United Pacific Insurance Co. v. Collins

MILLIKENj Chief Justice.

This appeal is from a judgment awarding appellees, Audry and Mabel Collins, $14,301. The facts show that the appellant, United Pacific Insurance Company, was surety on the performance bond of the original contractor who undertook to construct two school buildings in Knott County. Upon default of this contractor, the appellant Company entered into a contract dated August 15, 1959, with appellees for the completion of the buildings.

The contract between the Company and the appellees provided that the appellees should receive reimbursement for gross construction cost not to exceed $61,964.91 (including a service fee of $4,500), plus varying amounts for correcting certain defective work of the previous contractor and additional amounts for excavation and filling. In June, 1960, the work not having been completed, appellees were placed in default and a third party contractor selected by the appellant to complete the work.

Appellees brought this action to recover money allegedly owed them for labor and materials. By counterclaim the appellant asserted that it had paid to appellees and the third party contractor “gross costs” far in excess of the maximum amount agreed upon, and asked that whatever it might properly owe appellees under their complaint be offset by this excess and that a judgment in its favor for the difference be entered.

The claims of both parties were submitted to a jury which returned a verdict for appellees in the full amount of their itemized expenses. As ground for reversal, the Company insists that the trial court erred in not granting it a peremptory instruction, for there was no issue of fact to be determined by a jury but. merely an accounting to be made under the written contract. Ap-pellees contend that it was for the jury to determine if the parties were operating under an oral agreement made after the termination of the written contract, when the claimed, expenses were incurred. The key question presented is whether the written contract was terminated.

For appellees to recover in this action, the written contract with its limit on reimbursement for construction must necessarily be deemed terminated or at least modified as to this limit. The instruction under which the appellees recovered assumed that the written contract had terminated six months after the date of its signing or execution.

However, the appellees’ complaint sets out the fact that these parties “continued to work under the terms and the provisions of the aforesaid contracts referred to in Exhibits A and B, until 17th day of June, 1960.” The recovery was sought on the basis of the terms of the written contract. An allegation that this contract was terminated and that recovery was sought under a subsequent oral agreement appears nowhere in the pleadings. (The fact that the allegation of an oral agreement was a surprise to the appellant was brought to the court’s attention by motion to exclude reference to it prior to submission of the case to the jury.)
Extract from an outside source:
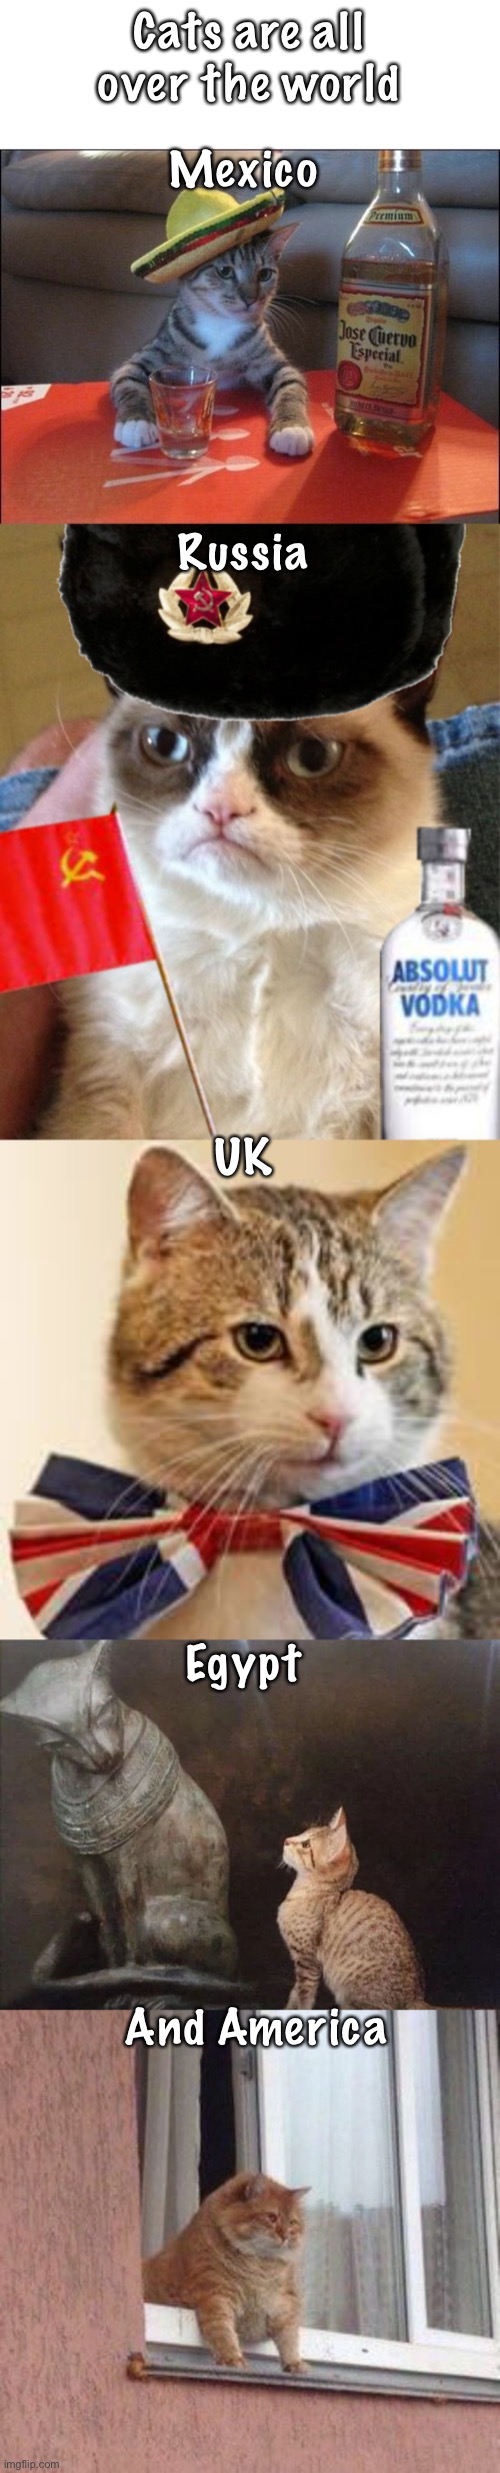 Cats of the Worlds | Cats are all over the world; Mexico; Russia; UK; Egypt; And America | image tagged in tequila cat,soviet grumpy cat,british cat,cat egypt,quarantine cat,memes | made w/ Imgflip meme maker
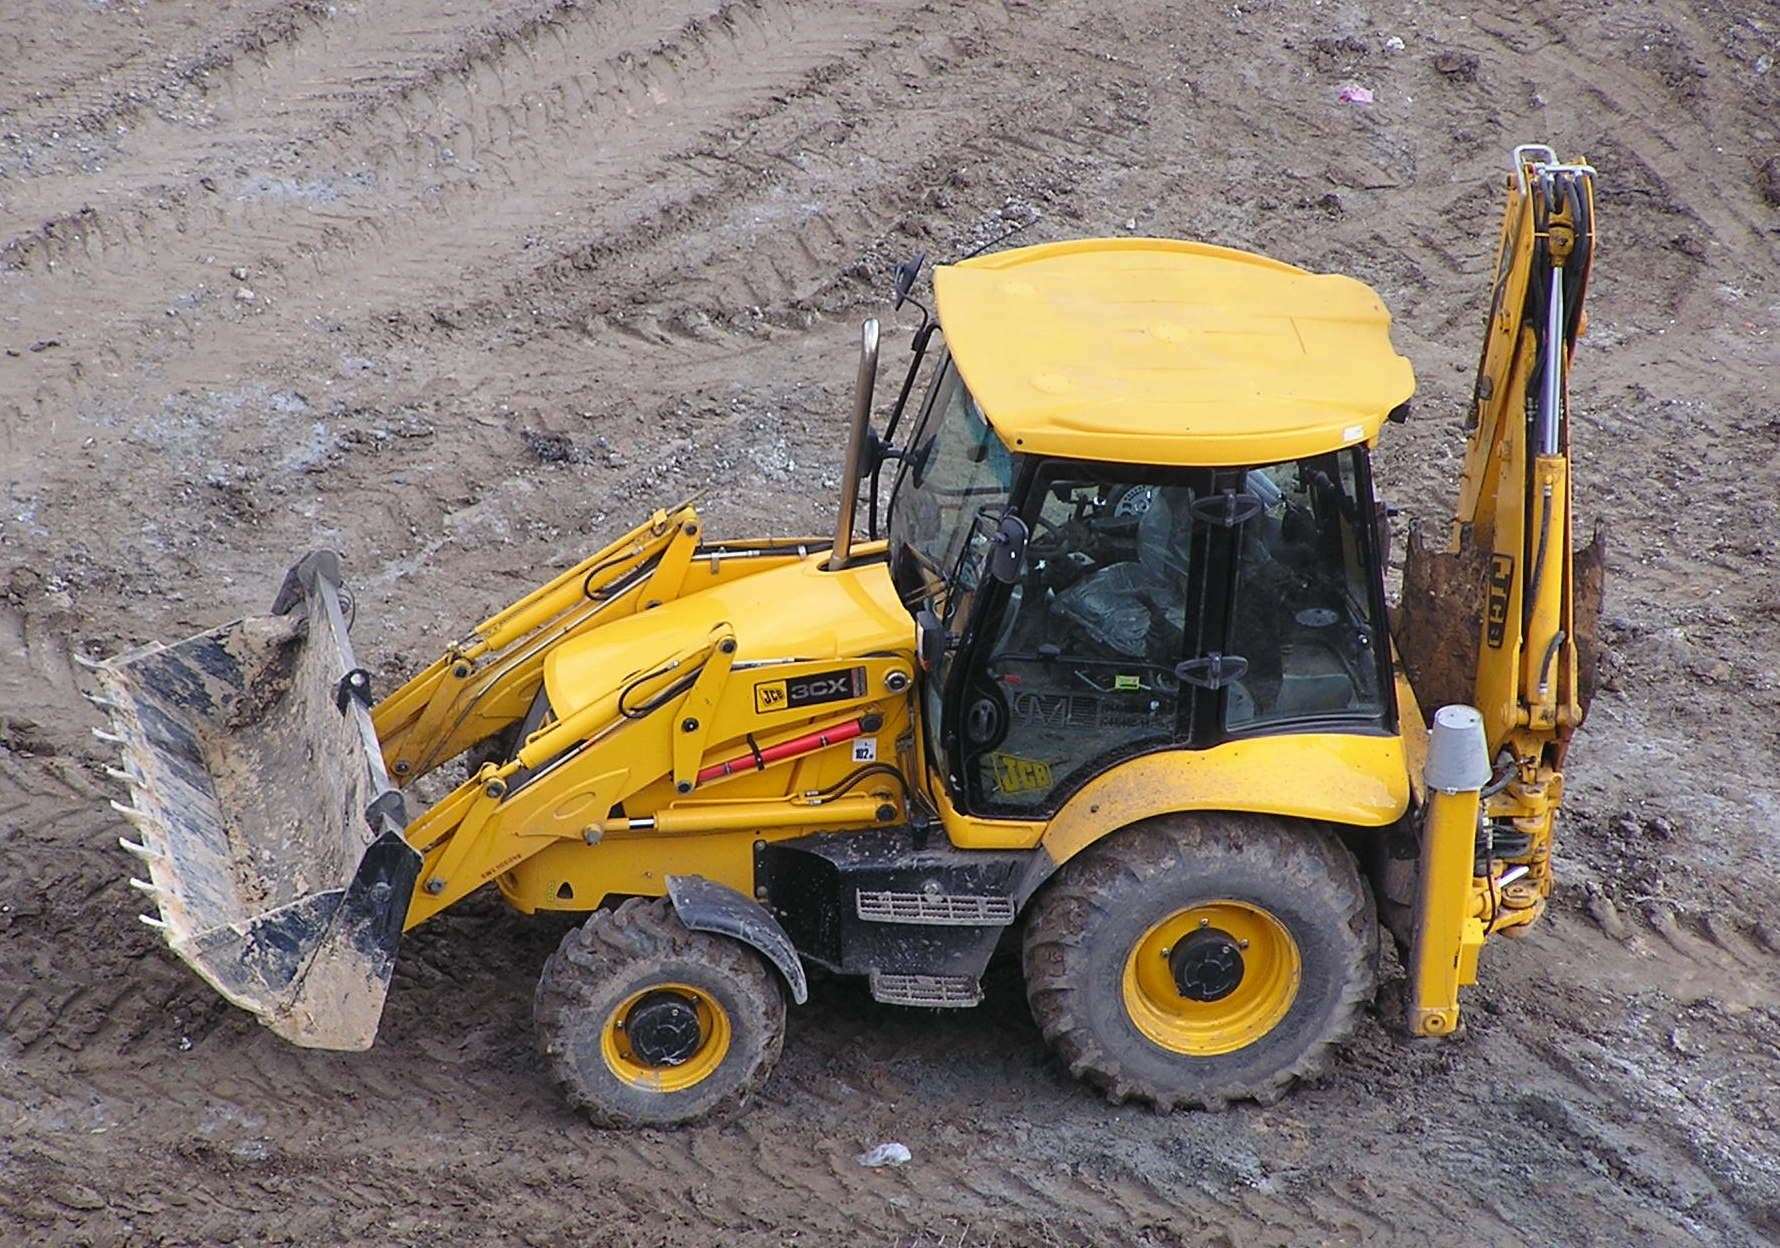 The employee had half his body run over by a JCB. Stock image

Appellees should not be allowed to recover under a theory directly opposed to the one upon which they based their complaint. When a shift in theory or legal premise is objected to by the opposing party and it appears “that admission of such evidence (supporting an oral contract, in this case) would prejudice him in maintaining his * * * defense upon the merits,” either a continuance should be granted to enable the opposing party to prepare Ms defense or evidence in support of the new theory denied admission. CR 15.02.

Furthermore, on this appeal the appellees maintain that the written contract had ended by its terms on February 15, 1960, six months after the date of its signing. The pertinent section of the contract reads as follows:

*244“The Contractor covenants to complete all work called for by this contract within six (6) months of the date hereof and to indemnify, and save harmless the Surety from any and all loss, liability, claims and damage resulting from any delay in completion of said work beyond said completion date.”

This clause does not provide for an automatic termination. As stated in 13 Am. Jur., 2d, Building and Construction Contracts, Sec. 47% “A mere failure to complete the work within the specified time does not ipso facto terminate the contract, but only subjects to (sic) contractor to damages for the delay.” This statement is applicable to the section of the contract quoted above. The fact that appellant permitted the appellees to try for four more months to finish the school — until mid-June, 1960 — after the February, 1960, intended completion date, certainly did not change the terms of the written contract; it merely waived the time for completion provision for four months.

In support of the judgment in their favor, appellees rely on Green River Steel Corporation v. Globe Erection Company, Ky., 294 S.W.2d 507, wherein we held that by their actions the parties to a contract may waive a provision as to who should decide what is extra work. The only evidence of modification cited by appellees in the instant case refers to the necessity of the architect’s approval of estimates before payment for corrective work subsequent to February 15, 1960. This evidence does not affect the maximum amounts of compensation agreed upon in the written contract for the basic construction. See 3A, Corbin on Contracts, Sec. 720.

Since there was no evidence of an oral modification of the relevant terms of the written contract and the contract did not terminate automatically in February, 1960, the trial court erred in overruling appellant’s motion for a peremptory instruction based on the written contract and for judgment notwithstanding the verdict.

The judgment is reversed with directions to the trial court to determine, directly or with the aid of a commissioner, the net amount, if any, due to the appellant on its counterclaim, to make all appropriate findings of fact and to enter a new judgment based thereon.